The increasing burden of type 2 diabetes mellitus makes the continuous surveillance of its prevalence and incidence advisable. Electronic health records (EHRs) have great potential for research and surveillance purposes; however the quality of their data must first be evaluated for fitness for use. The aim of this study was to assess the validity of type 2 diabetes diagnosis in a primary care EHR database covering more than half a million inhabitants, 97% of the population in Navarra, Spain.

Methods

In the Navarra EPIC-InterAct study, the validity of the T90 code from the International Classification of Primary Care, Second Edition was studied in a primary care EHR database to identify incident cases of type 2 diabetes, using a multi-source approach as the gold standard. The sensitivity, specificity, positive predictive value, negative predictive value and the kappa index were calculated.
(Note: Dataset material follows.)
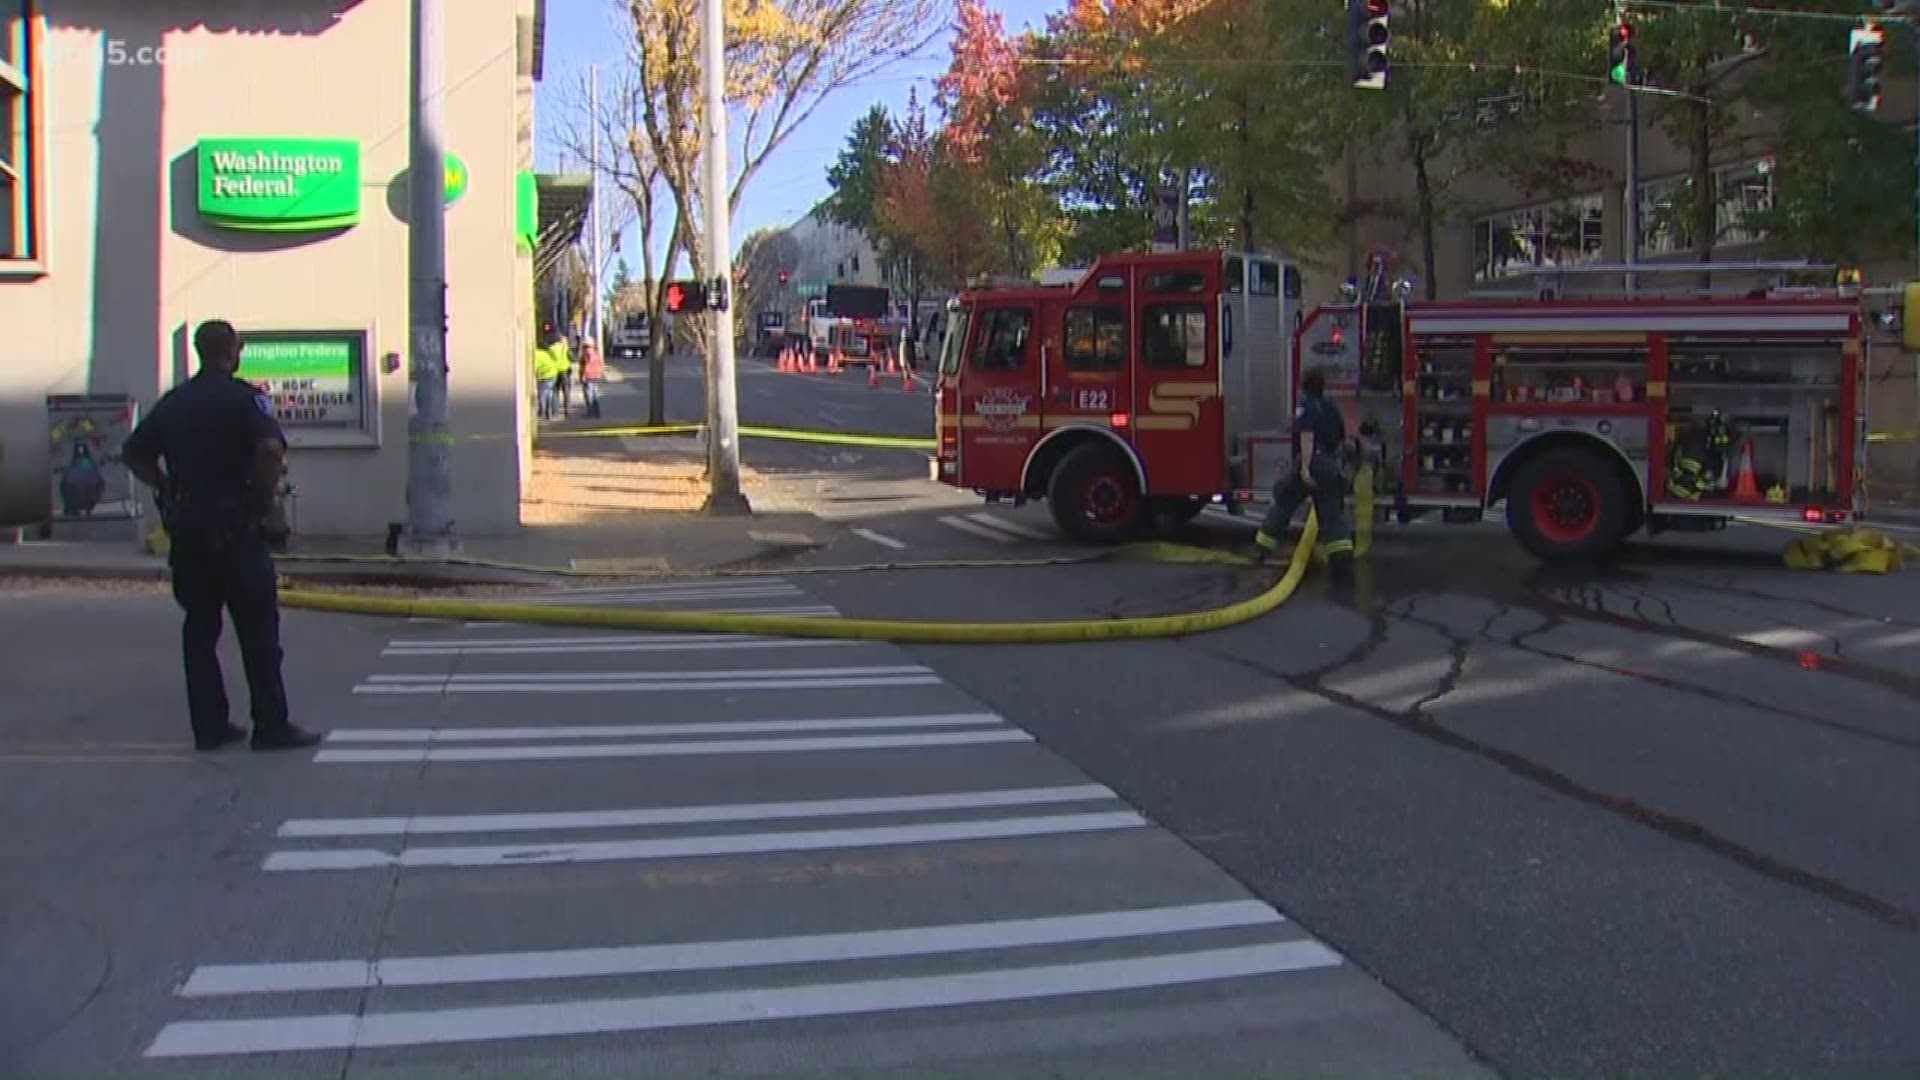 Seattle fire officials said the gas leak near Brooklyn Ave. NE and NE 45th Street was secured around 5:15 p.m. The leak caused evacuations in the surrounding area.

Additionally, type 2 diabetes prevalence from the EHR database was compared with estimations from a health survey.

Results

The sensitivity, specificity, positive predictive value and negative predictive value of incident type 2 diabetes recorded in the EHRs were 98.2, 99.3, 92.2 and 99.8%, respectively, and the kappa index was 0.946. Overall prevalence of type 2 diabetes diagnosed in the EHRs among adults (35–84 years of age) was 7.2% (95% confidence interval [CI] 7.2–7.3) in men and 5.9% (95% CI 5.8–5.9) in women, which was similar to the prevalence estimated from the health survey: 8.5% (95% CI 7.1–9.8) and 5.5% (95% CI 4.4–6.6) in men and women, respectively.

Conclusions

The high sensitivity and specificity of type 2 diabetes diagnosis found in the primary care EHRs make this database a good source for population-based surveillance of incident and prevalent type 2 diabetes, as well as for monitoring quality of care and health outcomes in diabetic patients.